1. An aerial photographing target detection method based on an asymmetric implicit field and continuous decoding is characterized by comprising the following steps of: Step S1, independently extracting a plurality of original feature tensors with different scales from an aerial input image of an unmanned aerial vehicle by utilizing a backbone network, maintaining original resolution to be solidified in a video memory as a static feature base map of cross-scale sampling, Step S2, sampling in a two-dimensional continuous physical space corresponding to the input image to generate floating point query coordinates, mapping the floating point query coordinates into high-frequency position feature vectors with high dimensions through a position coding module, Step S3, performing cross-scale bilinear interpolation sampling on the static feature base map of each scale by utilizing floating point query coordinates, extracting local feature vectors of each scale, calculating local high-frequency feature variances as gradient indication factors, adaptively distributing asymmetric weights through a gating network, fusing the local feature vectors of each scale to generate single high-dimensional fused feature vectors, Step S4, the high-frequency position feature vector and the high-dimensional fusion feature vector are subjected to channel splicing, then are input into a continuous space implicit coordinate decoder, the target category confidence coefficient corresponding to the floating point query coordinate and the continuous boundary frame size predicted value are mapped and output in parallel in a continuous coordinate domain, Step S5, calculating composite total loss comprising classified focus loss and bounding box regression loss based on the network predicted value and the real label, iteratively updating network parameters through a back propagation algorithm, And S6, in the real machine reasoning stage, carrying out parallel reasoning on the unknown single-frame aerial image by utilizing a dense and uniform floating point coordinate grid, and outputting a continuous single target boundary frame through a threshold filtering and non-maximum suppression algorithm.
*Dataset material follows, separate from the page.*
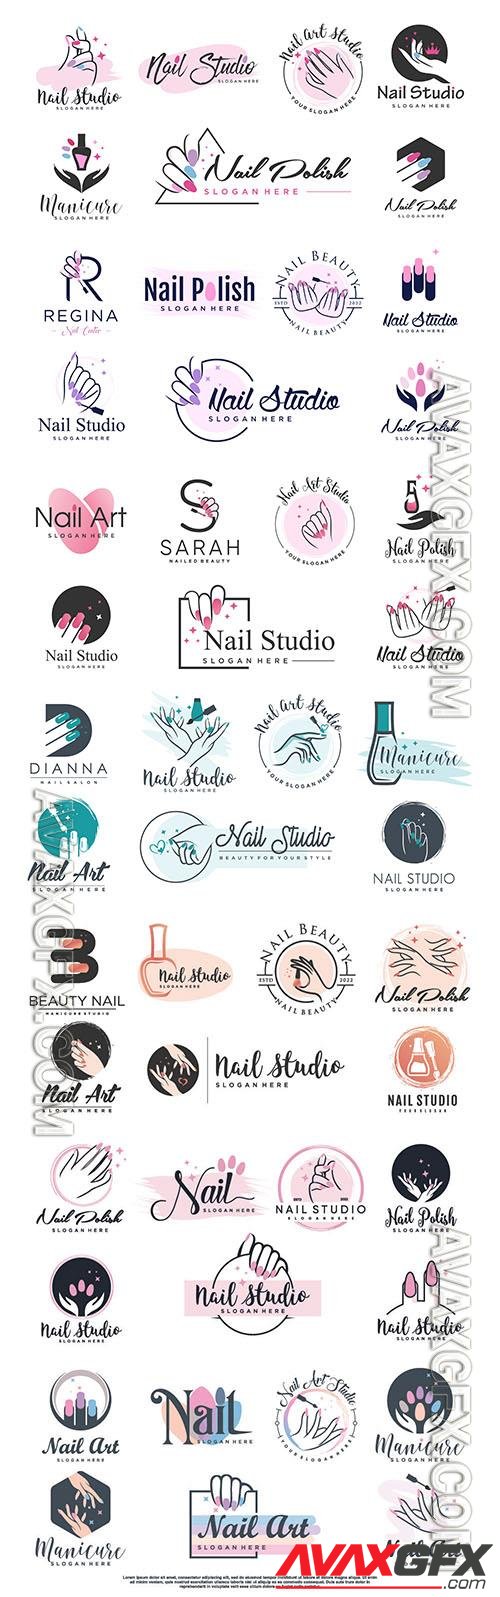 Vector nail salon icon logo design with creative unique style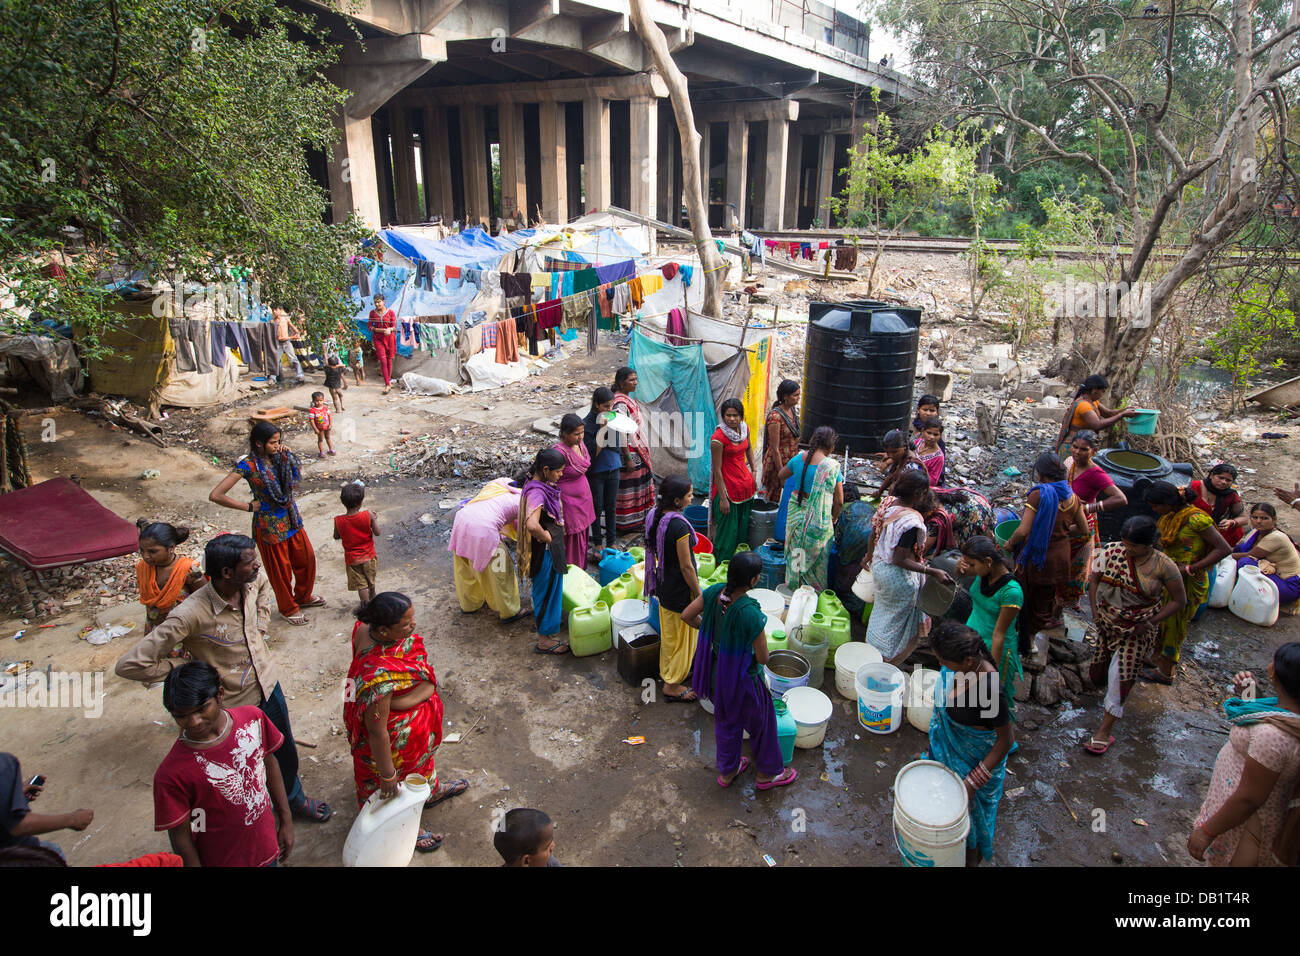 Les femmes des bidonvilles village tente de recueillir l'eau après un gouvernement distribution, New Delhi, Inde Banque D'Images

2. The method for detecting an aerial photographing target based on asymmetric implicit field and continuous decoding according to claim 1, wherein the specific process of extracting the original feature tensor in step S1 is as follows: acquiring an aerial RGB image of an unmanned aerial vehicle as original input data, uniformly scaling the size of the aerial RGB image into a standard size with 1024 pixels wide and 1024 pixels high by utilizing a bilinear interpolation algorithm, normalizing the pixel value to a range from 0 to 1, and obtaining an input image tensor Its dimension is ; Tensor of input image Inputting the feature graphs into a pre-trained ResNet-50 main feature extraction network, cutting off and discarding a feature pyramid up-sampling module, and directly leading out the feature graphs from the conv3_x layer, the conv4_x layer and the conv5_x layer of ResNet-50; the three extracted feature images are respectively set to 256 through one output channel number Performing dimension reduction processing on the standard convolution layer to obtain a final bottom layer support characteristic tensor, namely a shallow layer characteristic tensor Tensor of middle layer characteristics Deep layer characteristic tensor The dimensions of the three feature tensors are respectively 、 And The original resolution is kept independently and stored in a video memory in a solidifying way.
3. The method for detecting an aerial photographing target based on asymmetric implicit field and continuous decoding according to claim 2, wherein the specific process of generating the floating point query coordinates and the mapped high frequency position feature vector in step S2 is as follows: At the input image tensor Generating training query point set in corresponding two-dimensional continuous coordinate system Comprises positive sample coordinate points uniformly and randomly sampled in continuous space inside a real target boundary frame and negative sample coordinate points uniformly and randomly sampled in continuous space outside a real boundary frame in a background area, and a point set Any floating point query coordinate is It is strictly normalized to by linear transformation A section; Each floating point query coordinate to be generated The fourier position encoding module is independently input, Defining a position-coding function The calculation formula is as follows: Wherein, the For the preset number of high frequency bands, 16 is set.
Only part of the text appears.